Le directeur de l’Institut national des langues et civilisations orientales (Inalco), Jean-François Huchet, a récemment partagé sa vision pour l’avenir de cet établissement prestigieux. Dans une interview récente, il a souligné la volonté de l’Inalco de jouer un rôle central dans la stratégie européenne.

L’Inalco se démarque par sa diversité linguistique. Avec près de 103 langues et aires géographiques enseignées, il est considéré comme l’université européenne offrant la plus grande variété de langues. Cela inclut des langues considérées comme rares, telles que l’ukrainien, le birman, le sahelien et le telugu. En tant qu’institution vieille de plus de 200 ans, l’Inalco propose également des formations en commerce international, traduction, linguistique et communication interculturelle.

Dans le paysage de l’enseignement supérieur français, l’Inalco se distingue par son enseignement de langues rares. Cette capacité à maintenir la biodiversité des langues et des civilisations est d’une importance cruciale, en particulier en période de crises internationales. L’Inalco est également une institution de recherche avec 14 laboratoires dédiés à l’étude des langues et des cultures.

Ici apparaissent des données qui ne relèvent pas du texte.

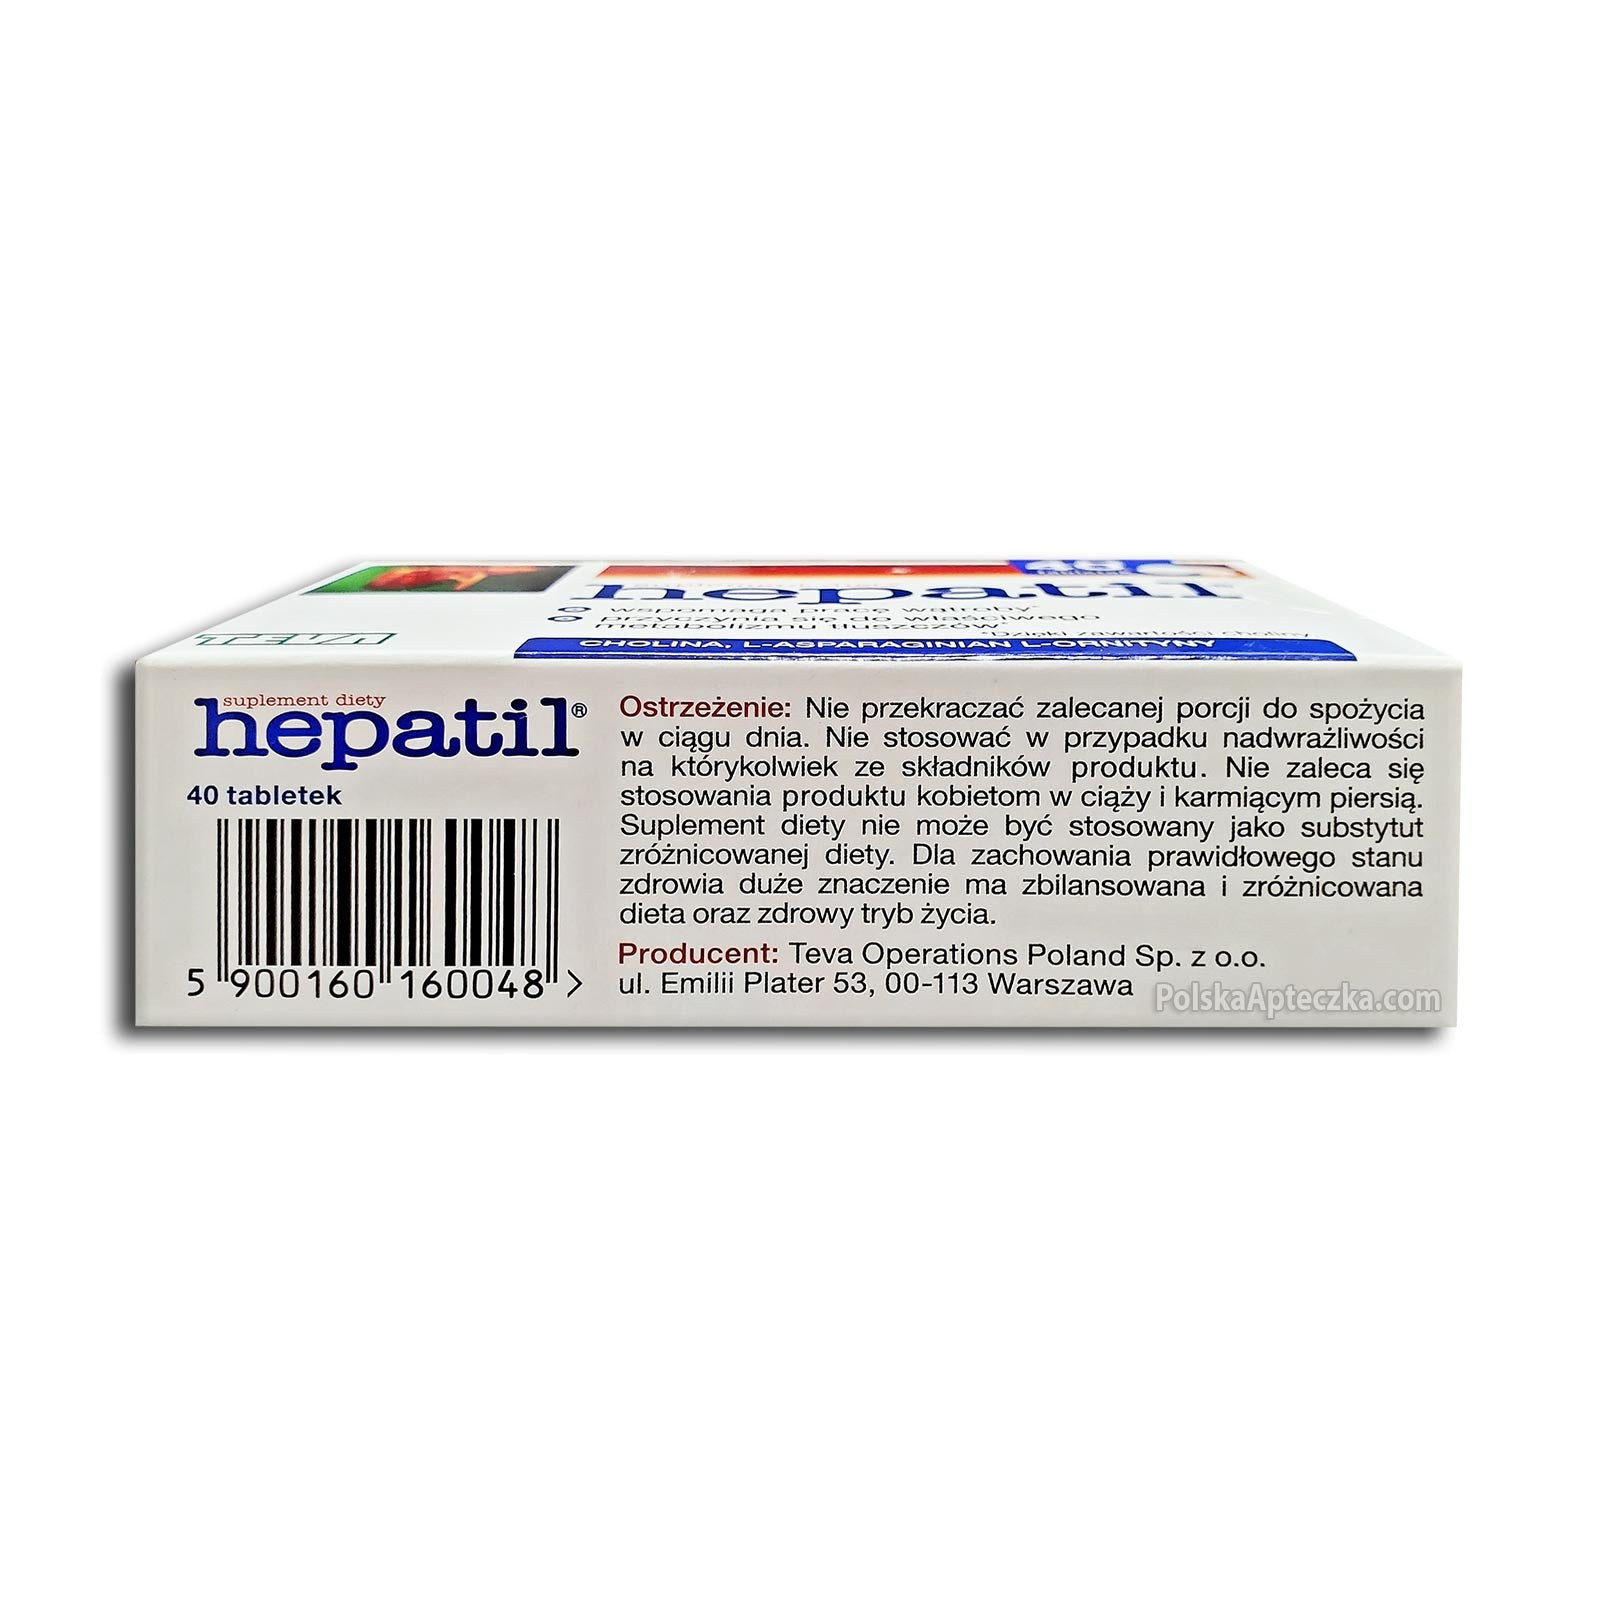 hepatil tablets

Au niveau national, l’Inalco fait partie de l’alliance Sorbonne Paris Cité, aux côtés d’autres grandes institutions telles que Sciences Po. L’université entretient également des liens forts avec des partenaires historiques locaux tels que l’université Paris 1 Panthéon-Sorbonne, l’université Paris 3 Sorbonne Nouvelle, l’École des hautes études en sciences sociales (EHESS) et l’École pratique des hautes études (EPHE).

À l’international, l’Inalco est membre de l’alliance universitaire européenne « EUniWell », qui regroupe 11 universités européennes. Cette alliance a pour objectif de promouvoir le bien-être à travers des initiatives dans les domaines de la formation, de la recherche et de l’innovation. L’Inalco jouera un rôle clé dans ces efforts, en apportant son expertise en matière de multilinguisme et de bien-être international.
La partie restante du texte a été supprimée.